Я решился уже на ужасное унижение и написал Обернэ. Неужели и он был в отлучке? Но он-то, конечно, ответит. Срок надежды с этой стороны еще не был истощен. В своем сомнении я сделал над собой усилие и, не смотря на всю душевную боль, обратился за помощью к своим родителям. Оставалось потерпеть несколько дней до ответа. Я умолял Алиду не тревожиться ни о чем.
В тот день она выказала последний проблеск мужества. Она улыбнулась той раздирающей улыбкой, которую я чересчур хорошо понимал. Она сказала мне, что она и не тревожится и что, впрочем, она решилась принять дары своего мужа, как ссуду, которую со временем я, конечно, буду в состоянии возвратить. Таким образом она щадила мою гордость. Она меня поцеловала и заснула, или притворилась спящей.
Я ушел в соседнюю комнату. С тех пор как я видел, что она угасает, я не покидал более того дома, где она жила. Через час я услышал ее разговаривающей с Бианкой. Эта девушка, вовсе не щепетильная в деле любви, но удивительно преданная своей госпоже, которая то ее бранила, то баловала, старалась теперь утешить ее и убедить, что она скоро снова увидит своих детей.
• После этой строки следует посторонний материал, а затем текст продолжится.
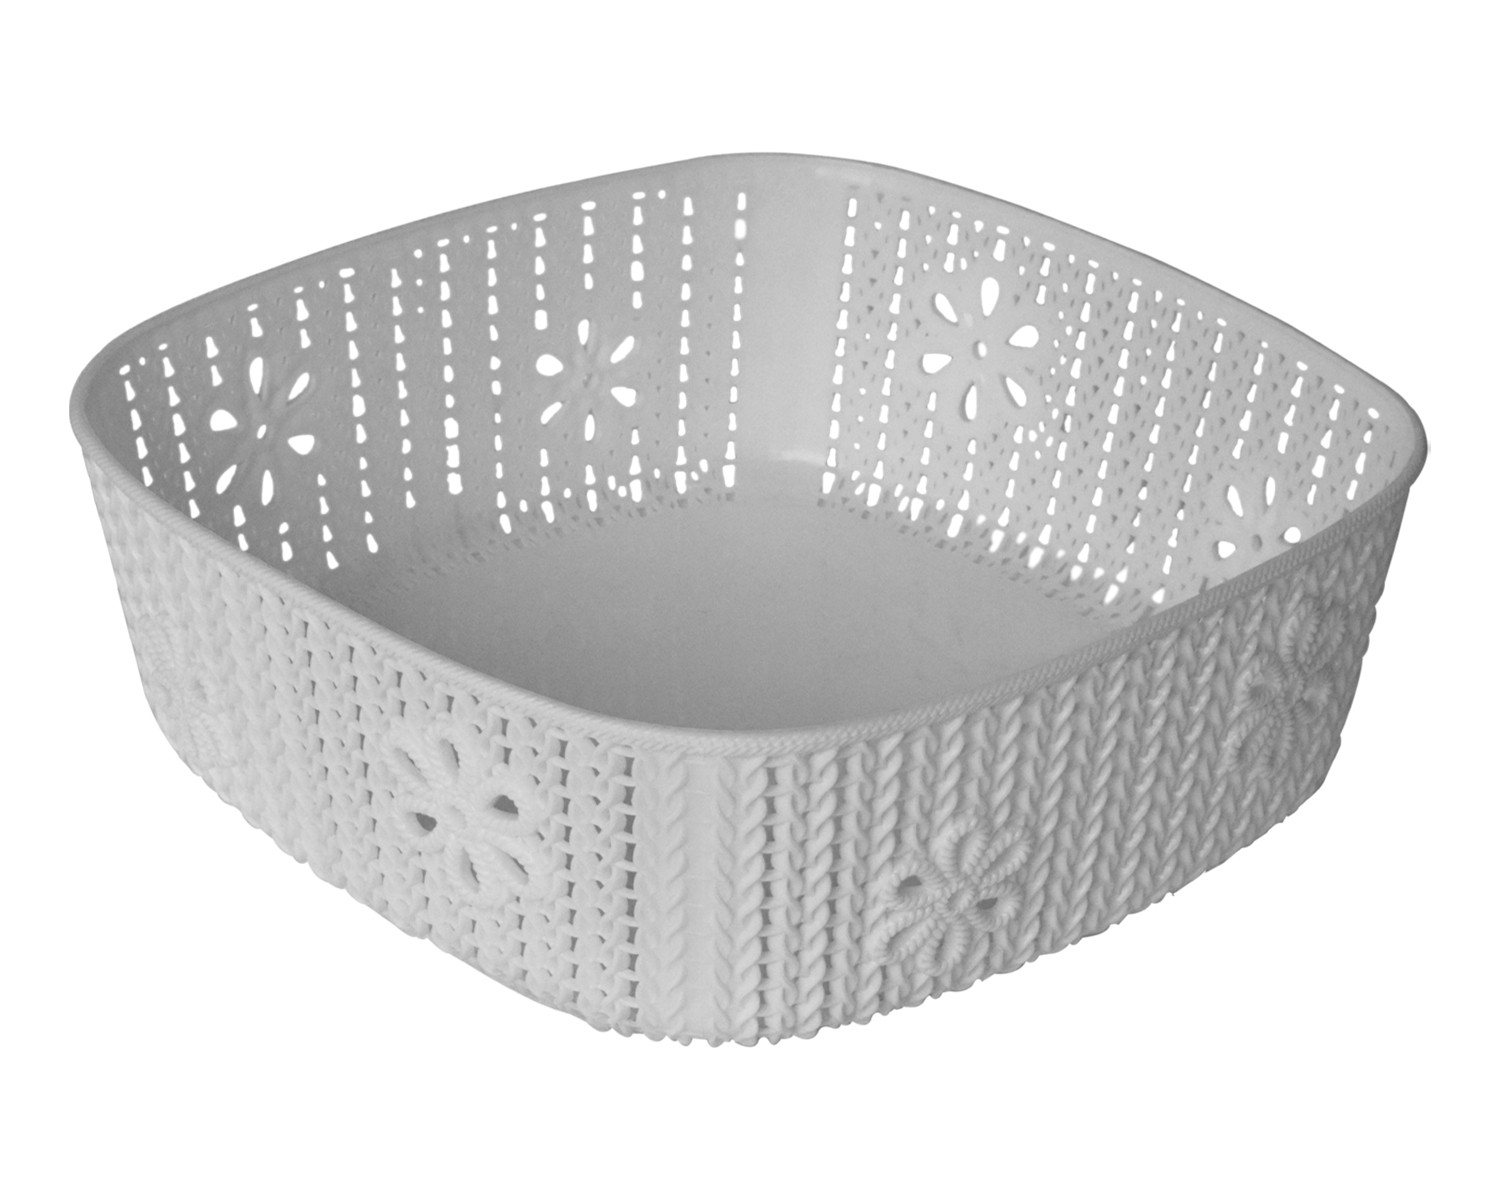 Kuber Industries Woven Design Multipurpose Square Shape Basket Ideal for Friuts, Vegetable, Toys Small, Medium, Large Pack of 3 (Grey)

— Нет, нет! Я их больше не увижу, — отвечала бедная больная. — Это самая жестокая кара, которую мог наложить на меня Бог, и я чувствую, что заслуживаю ее.
— Берегитесь, барыня, — сказала Бианка, — ваш упадок духа так мучит этого бедного молодого человека!
— Разве он тут?
— Кажется, да, — сказала Бианка, подходя к порогу соседней комнаты.
Я случайно бросился перед тем в кресло с очень высокой спинкой. Не видя меня, Бианка подумала, что я вышел, и вернулась к своей госпоже, говоря, что я, конечно, сейчас вернусь, и что надо лежать смирно.